# Exercise objective:
Exercise in exact copying: restate word for word only the lines below from the one containing "The Lord Of The Rings Tolkien First Editions" through the one containing "YUGA | OffWhite", omitting any pictures.

# Given entries:
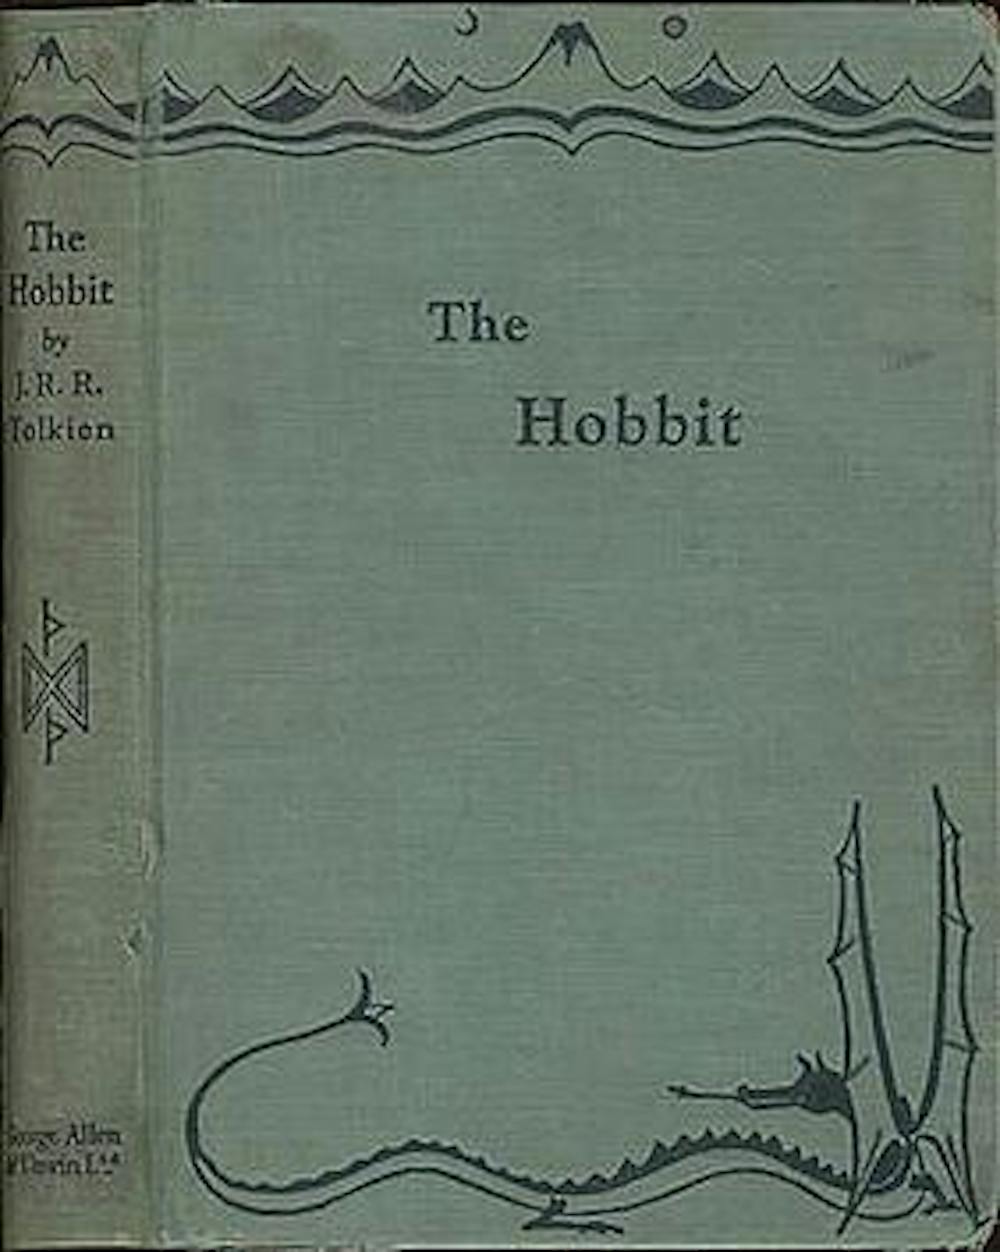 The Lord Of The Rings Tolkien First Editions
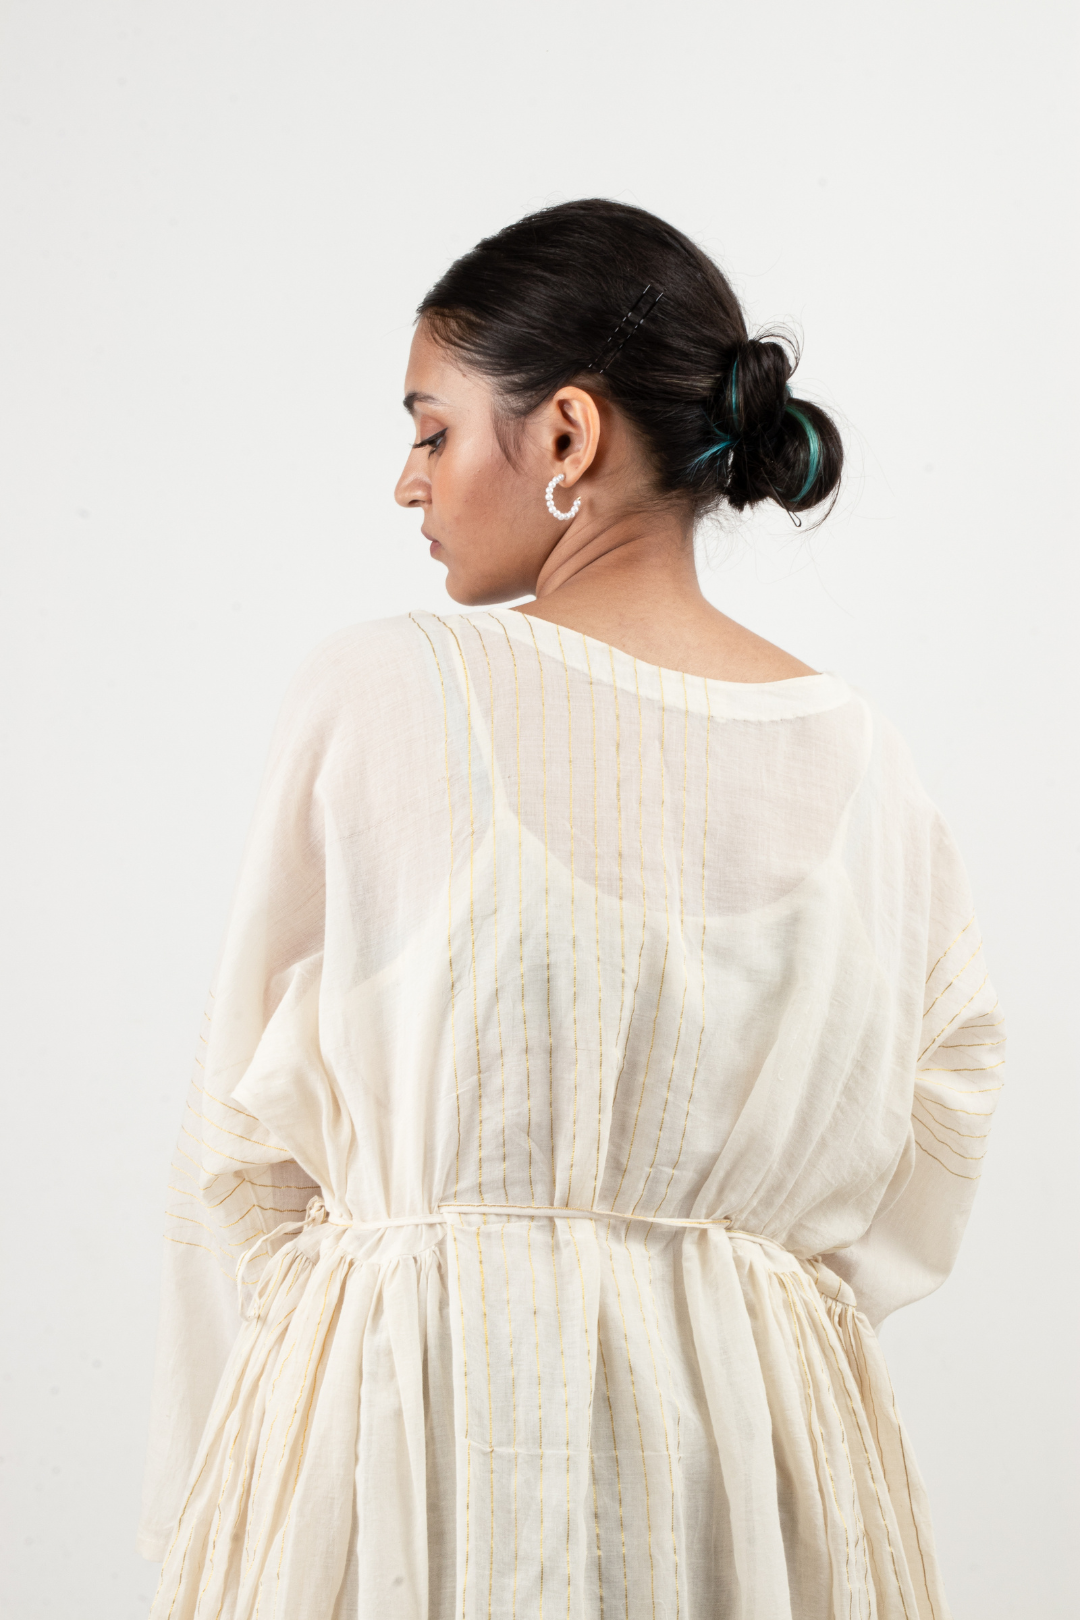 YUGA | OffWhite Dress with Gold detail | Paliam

==

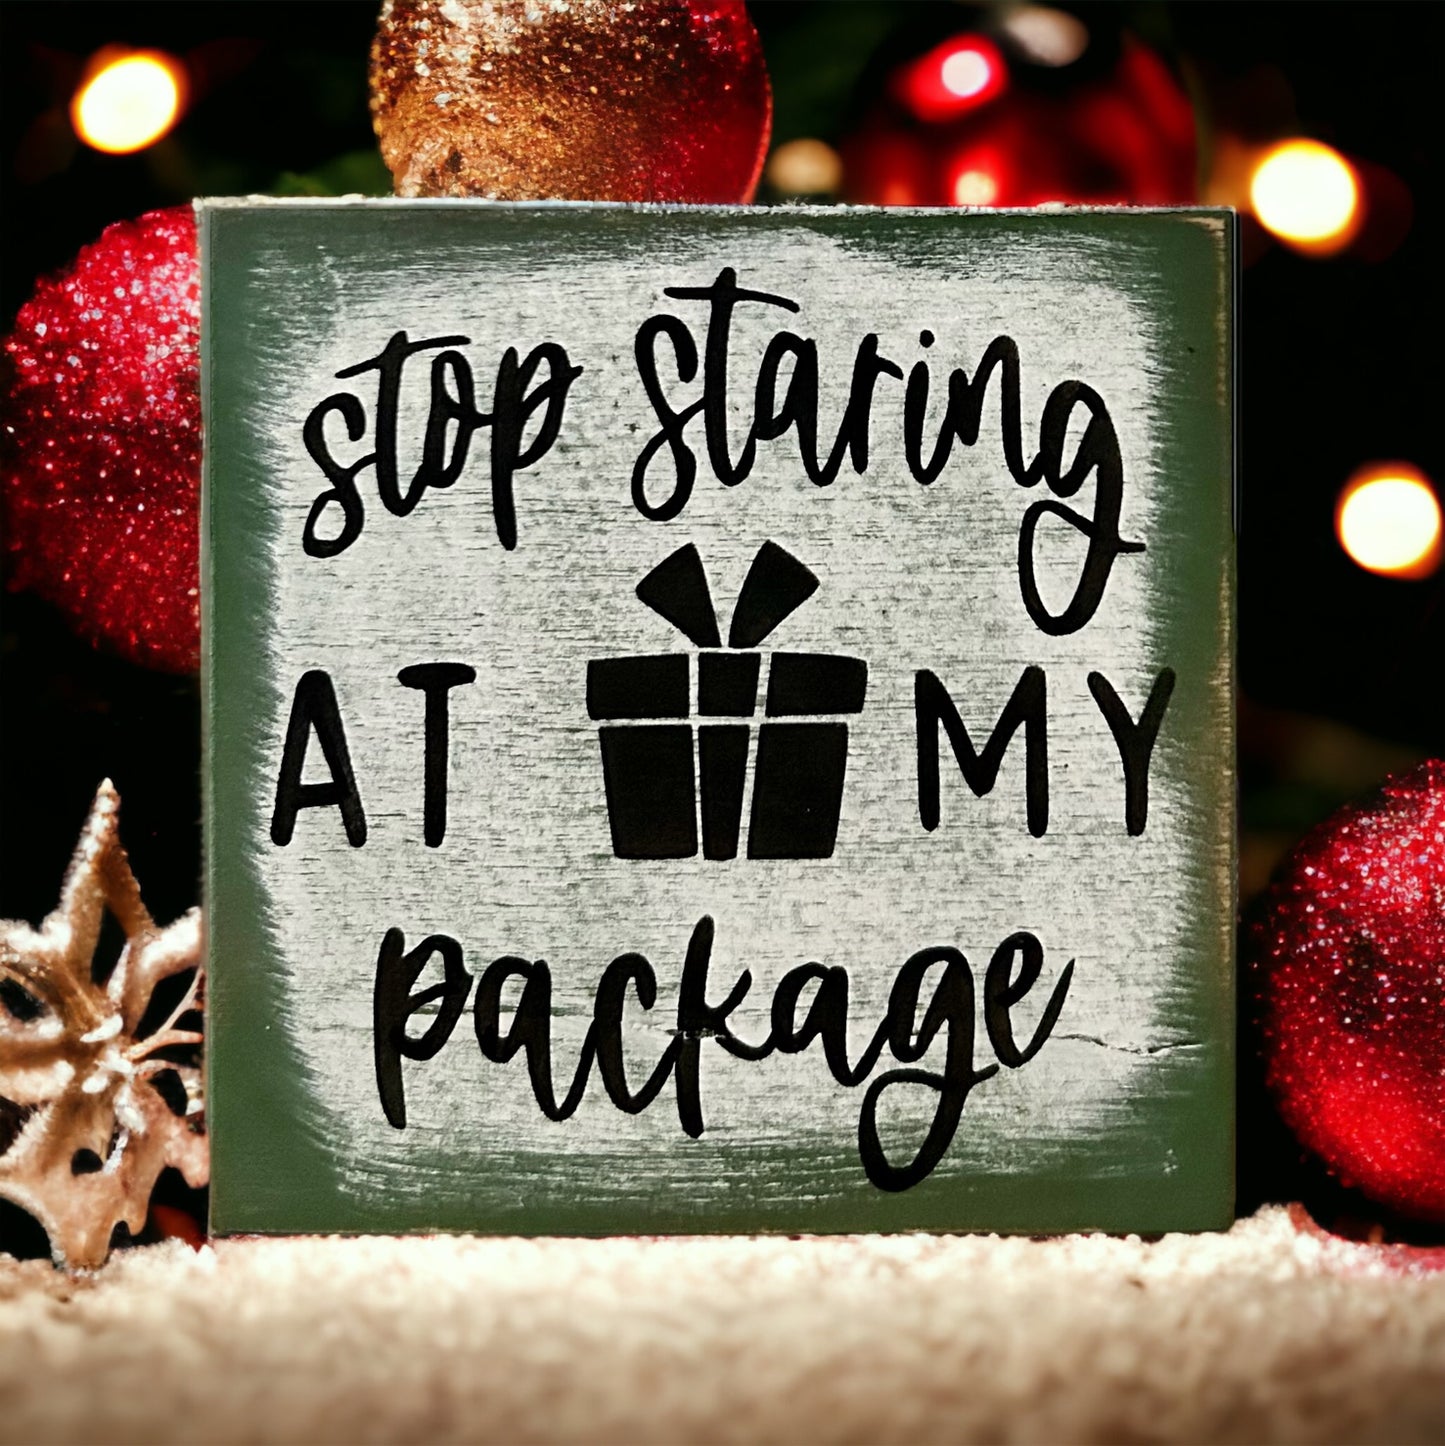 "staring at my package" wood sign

--

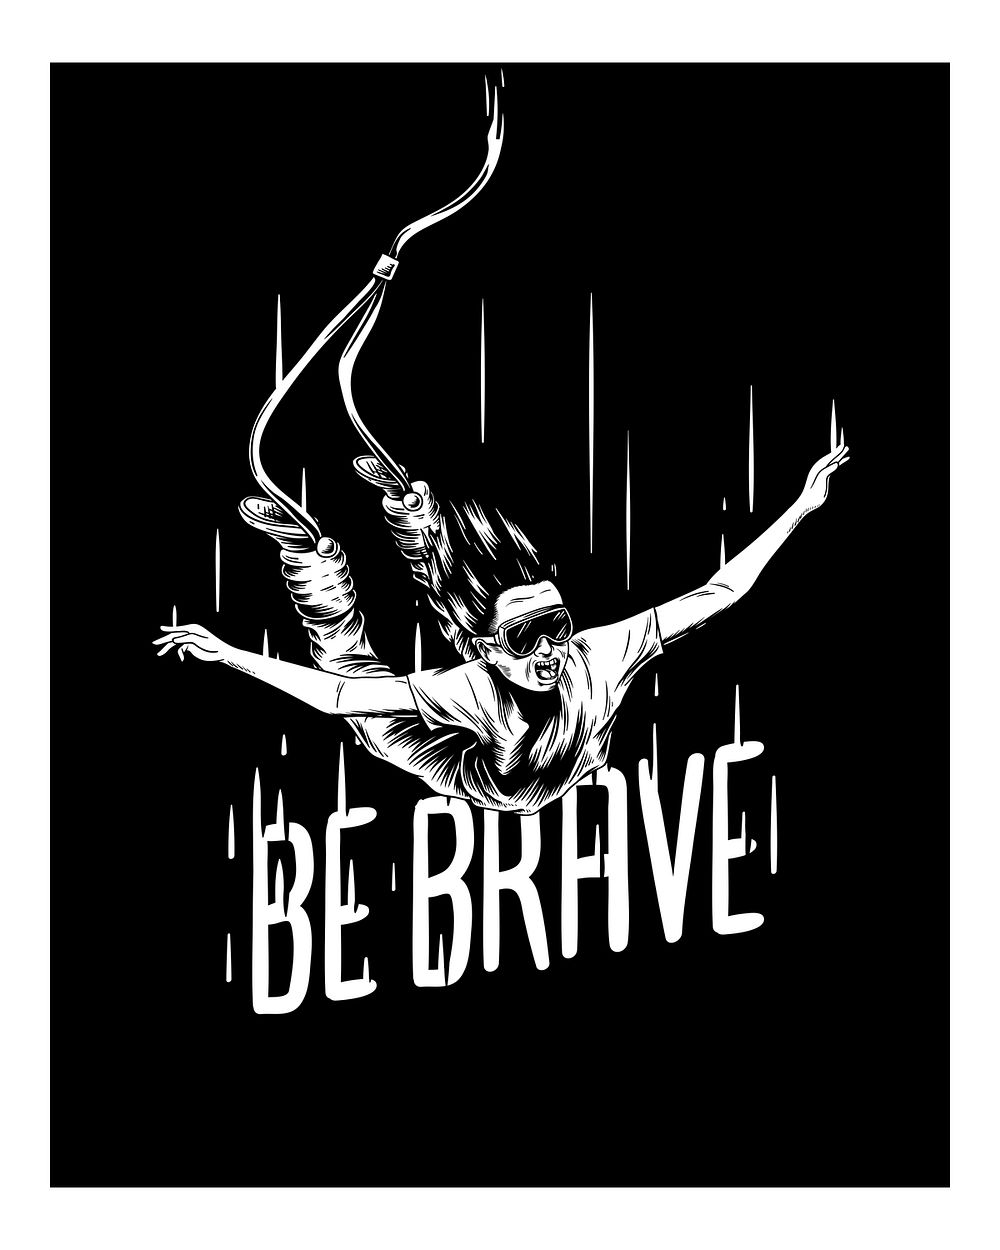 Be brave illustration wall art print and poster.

# Result:
 The Lord Of The Rings Tolkien First Editions
 YUGA | OffWhite Dress with Gold detail | Paliam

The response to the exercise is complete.